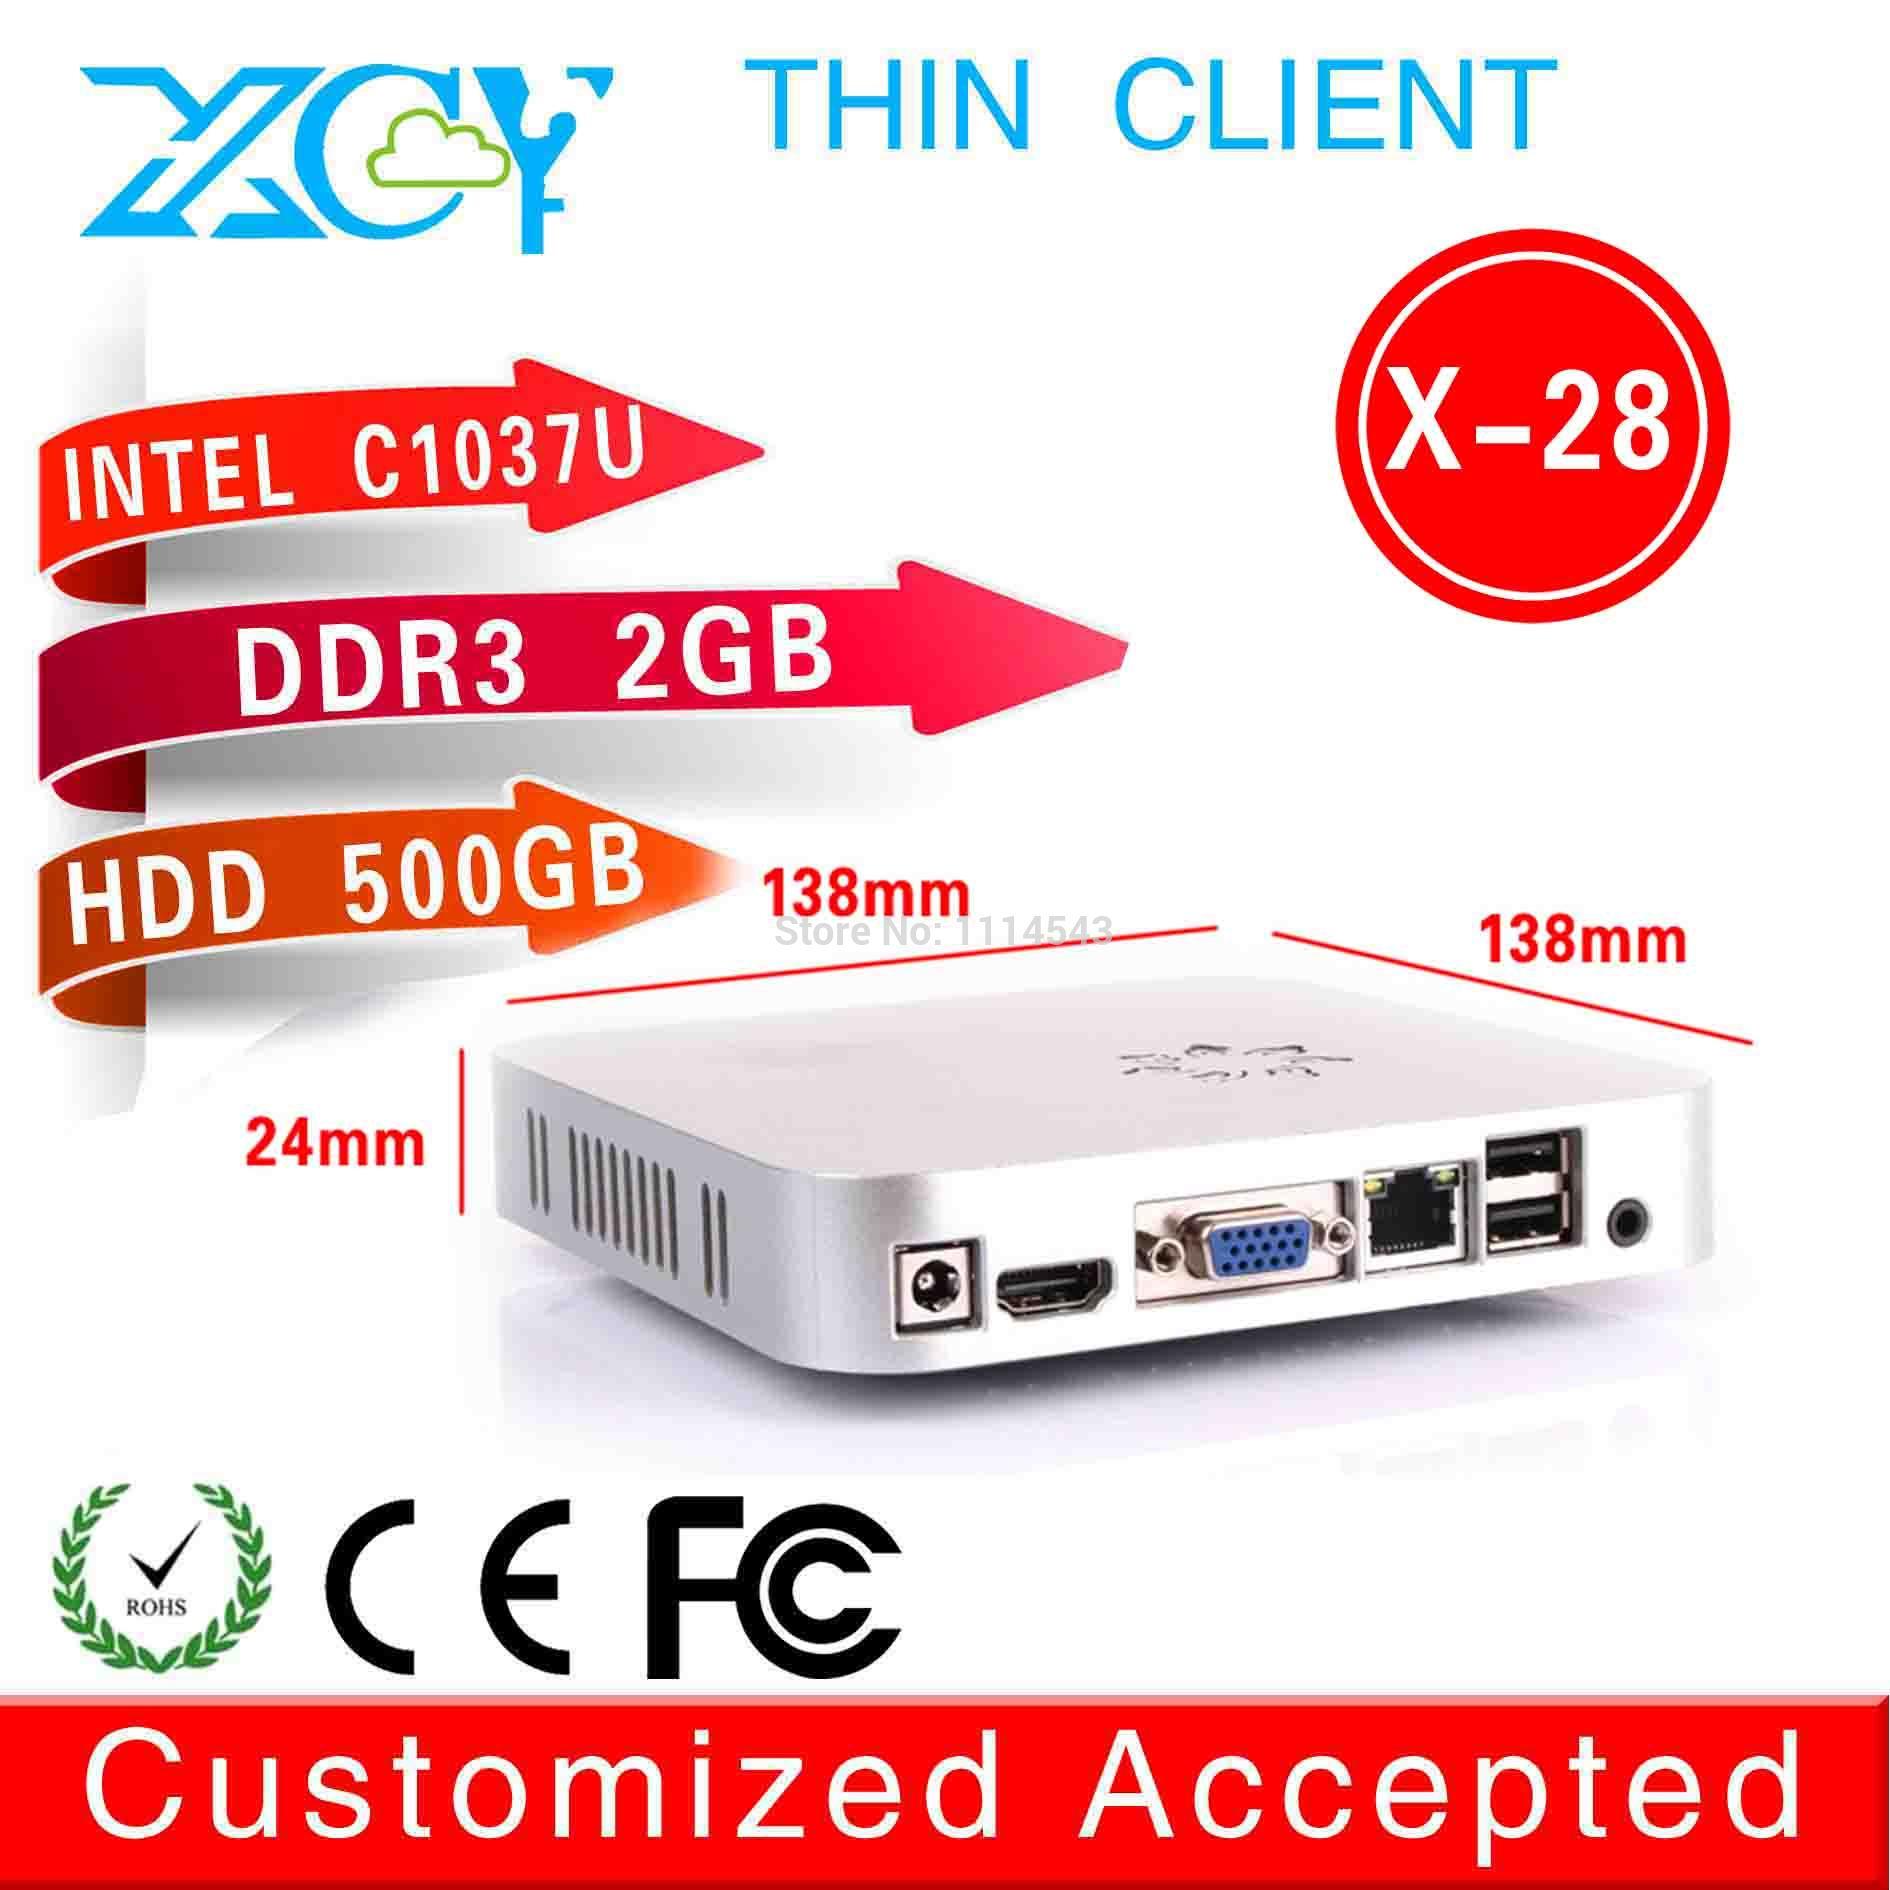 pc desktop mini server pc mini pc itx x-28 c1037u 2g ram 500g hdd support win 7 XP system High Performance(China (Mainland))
○ ○ ○
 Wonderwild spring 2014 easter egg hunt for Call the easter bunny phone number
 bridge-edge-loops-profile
○ ○ ○
### Problem to work on
Retype, exactly and in full, the lines above from the one containing "Wonderwild spring 2014" through the one containing "bridge-edge-loops-profile".

### Output
 Wonderwild spring 2014 easter egg hunt for Call the easter bunny phone number
 bridge-edge-loops-profile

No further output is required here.